The fellas Mike played have been running the system for several years
They attended a clinic about 4-5 years ago
They are supposed to be beyond the basic 6 base plays
They aren't a first year system team taking baby steps

Again NO ONE wants to read or buy a 600 page youth football book- that's why we never suggest first year programs go beyond the base.
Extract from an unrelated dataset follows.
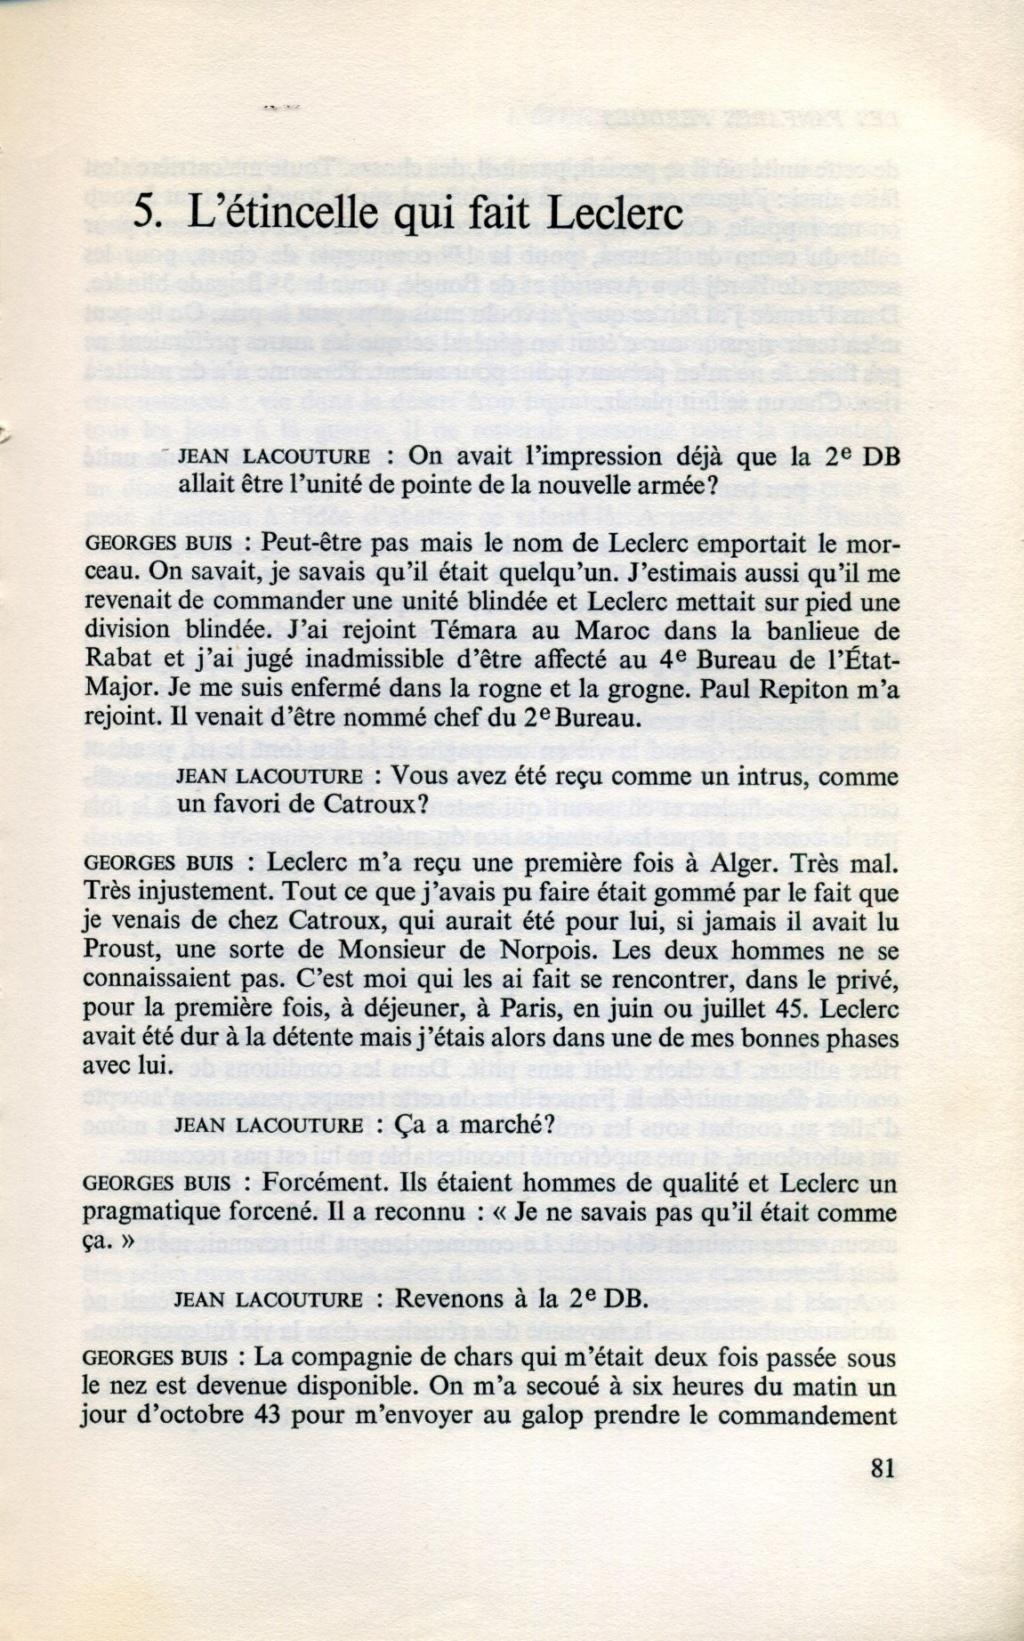 Georges Buis les fanfares perdues Les_fa30
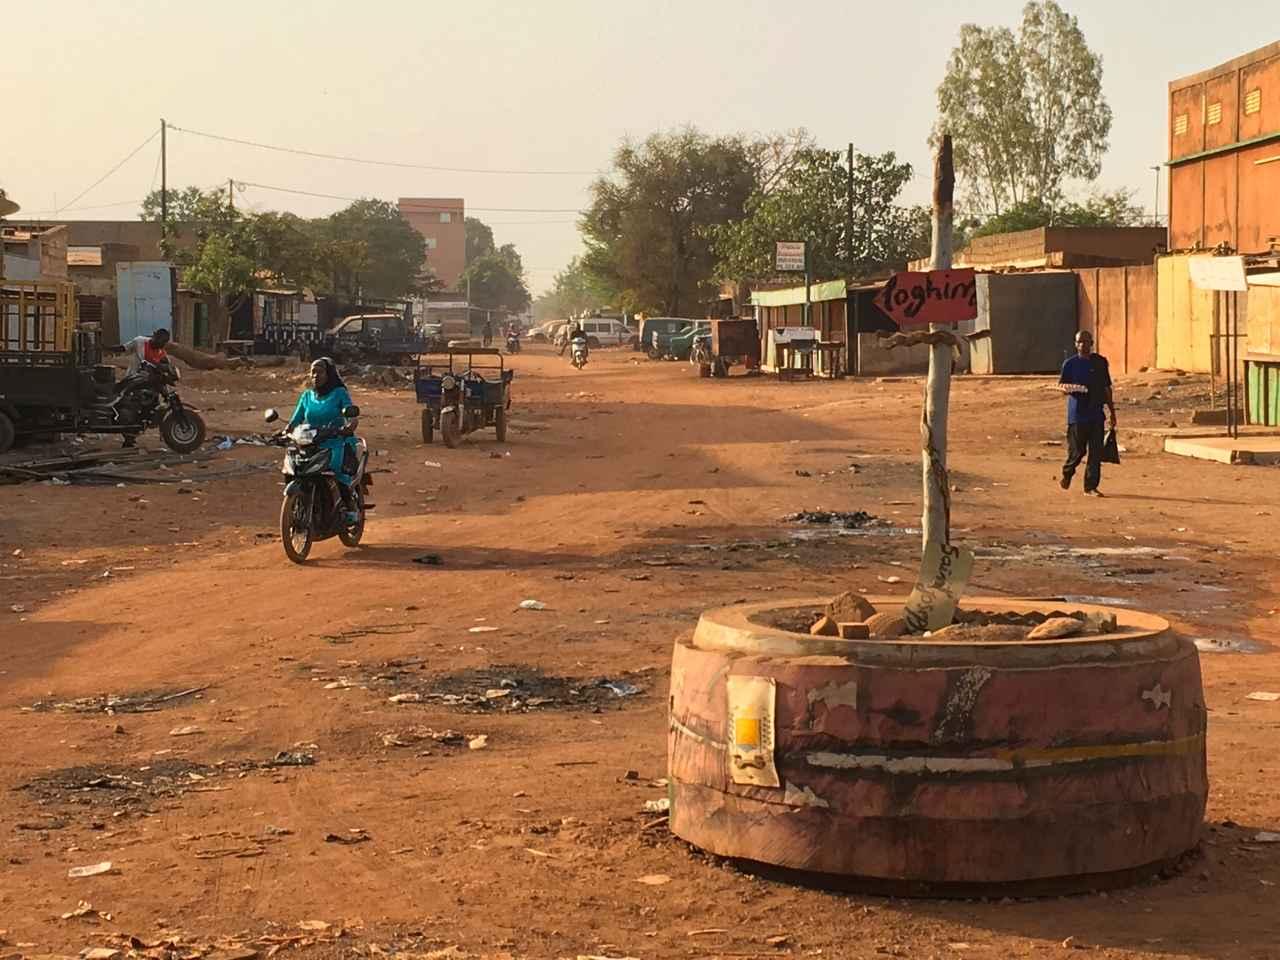 画像: 宿泊していたホテルの前の道路

YEar 2 we always recommend taking the next logical step- which is Single WIng 303. Most guys are thrilled to go 8-2 in year 1, 303 is designed to get you to 12-0- National Championships etc

When I watched that film- less than 1/2 the plays were from any of my materials and were of very poor design.
When someone is claiming someone is running my system- and that team isn't running even 1/2 their plays from my playbook- IMO they aren't running my system.
Not a single adjustment- not one and that is covered in the base book
When I see very poorly designed plays, I point them out.
There were some very simple answers to that equation that if they followed our approach right out of the book. Mikes team tackles well and they did a nice job, but when they can disrupt a high scoring offense with a simple stunt-- that we all run into- that's not great coaching. 

 
We provide the answers they don't have- by the sheer weight and experience of having been able to Head Coach 182 games in the offense- where weve been able to "systemize" answers and an approach to make sure it happens.  It's very disappointing when the answers are right there- and they are provided- and talked about adnaseum in the materials and clinics.
« Last Edit: June 12, 2014, 09:13:51 AM by davecisar »
However beautiful the strategy, you should occasionally look at the results.